- Proportion of over-55s worried about running out of money in retirement increases to over a third (34%) over the last year
- While concerns are rising fastest among men, working women remain the most anxious (48%)
- Women are also less likely to consider alternative sources of later life funding
- Almost half (48%) are worried about falling ill and having to pay for care
Women approaching retirement are facing a confidence conundrum: they are the most anxious about being able to afford a comfortable retirement yet are the least likely to consider alternative funding options to plug the gap.
A new report published today by the Equity Release Council and Key – Pension / Property Paradox: revisiting the retirement confidence gap – looks at trends in older homeowners’ retirement financial plans and confidence levels over the last year.
It reveals the proportion of homeowners aged 55+ worried about running out of money in retirement has increased to over a third (34%), up from 27% a year earlier. Notably, these concerns are rising fastest among men, up nine percentage points over the last year to 32%.
However, women who are still working remain the most anxious (48%) – the highest proportion of any group in the study.

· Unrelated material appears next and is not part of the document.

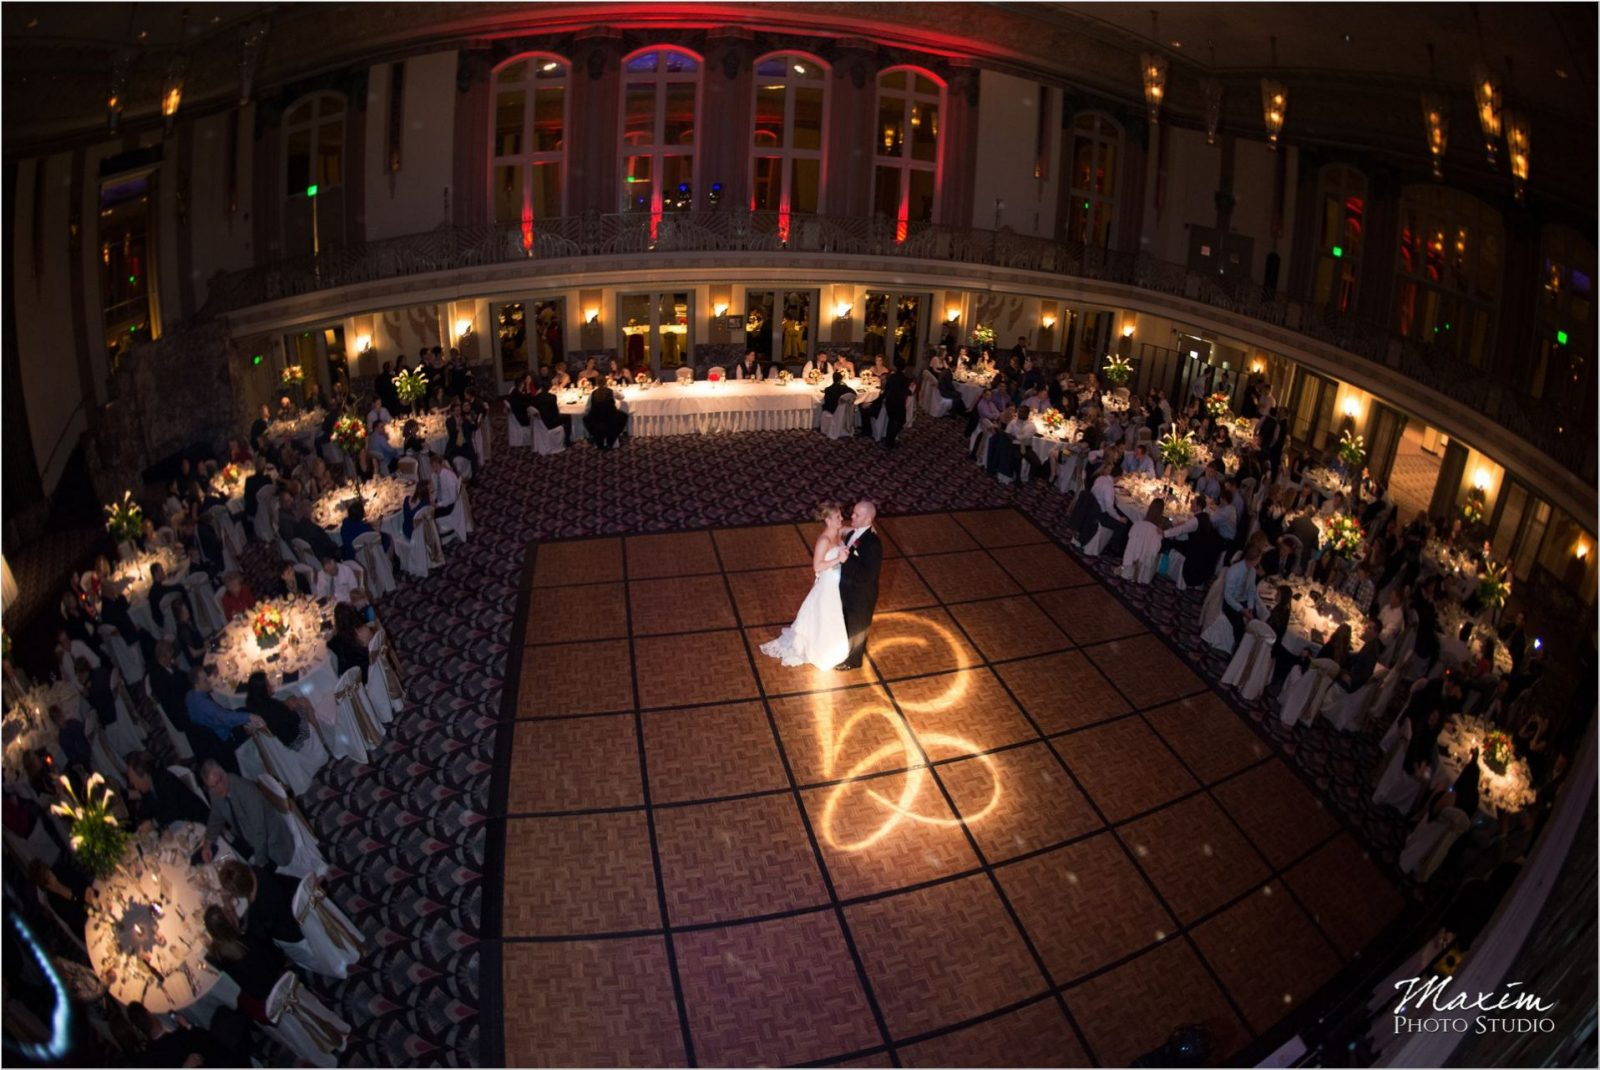 Hilton Netherland Plaza Cincinnati Wedding Reception dance
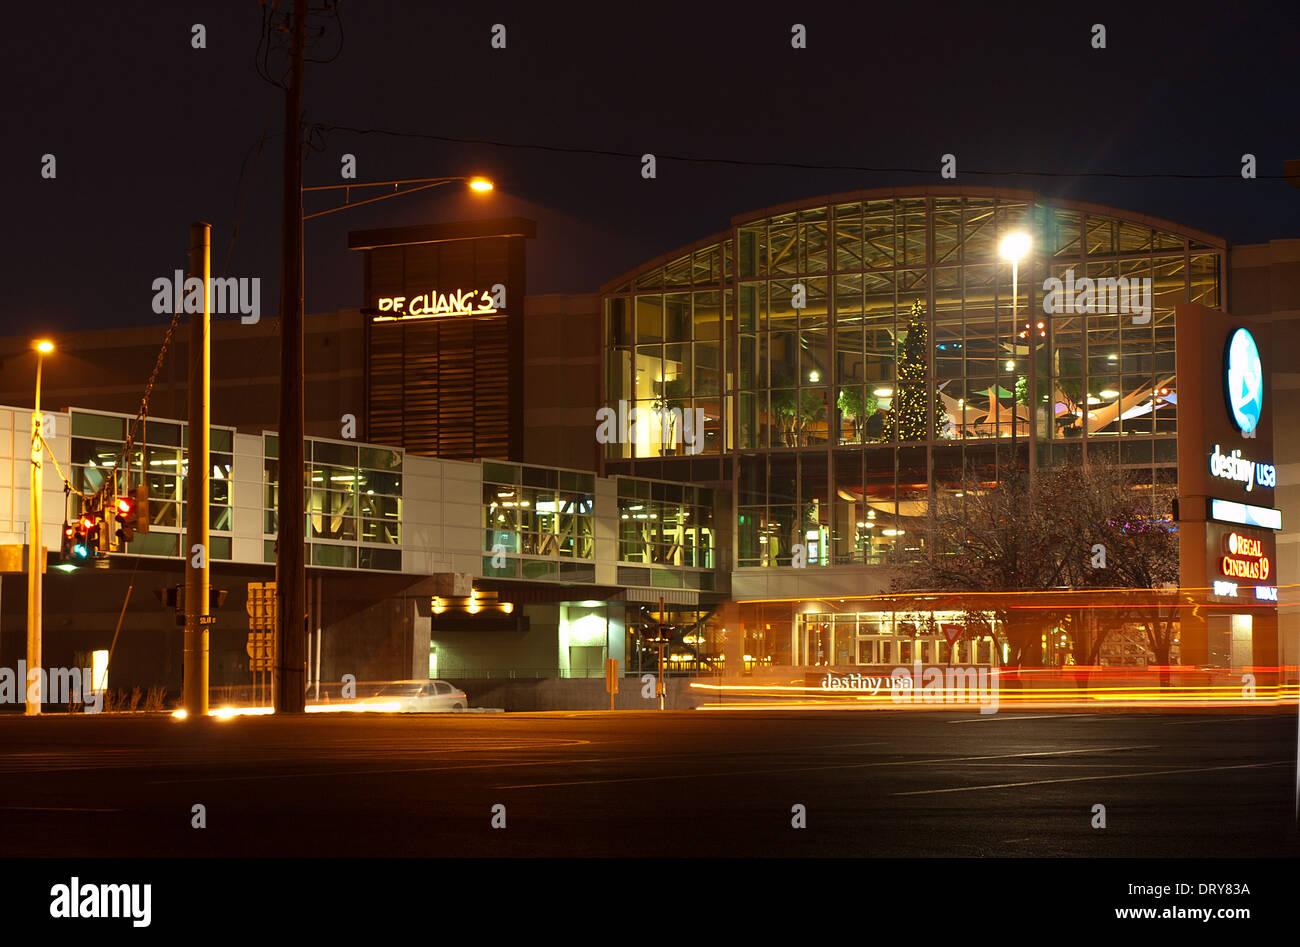 vans destiny mall

The research also highlights that women feel they have less power over choosing when they can retire. Less than half (41%) women still working are confident they will be able to afford to choose when they retire, compared to a majority (56%) of men still working.
David Burrowes, chairman of the Equity Release Council, said: “This research reveals that older women in work are experiencing an acute crisis in confidence about achieving a comfortable retirement.
“Women are faced with a disproportionately bigger challenge in building a nest egg for later life. This is driven by the perfect storm of longer life expectancies and gender differences in earnings, savings and working patterns. Yet despite this, women are also less likely than men to consider later life lending products when facing a retirement funding shortfall. A more holistic approach to financial planning is needed now more than ever, as an over-reliance on pensions alone will make it harder to maintain living standards in later life.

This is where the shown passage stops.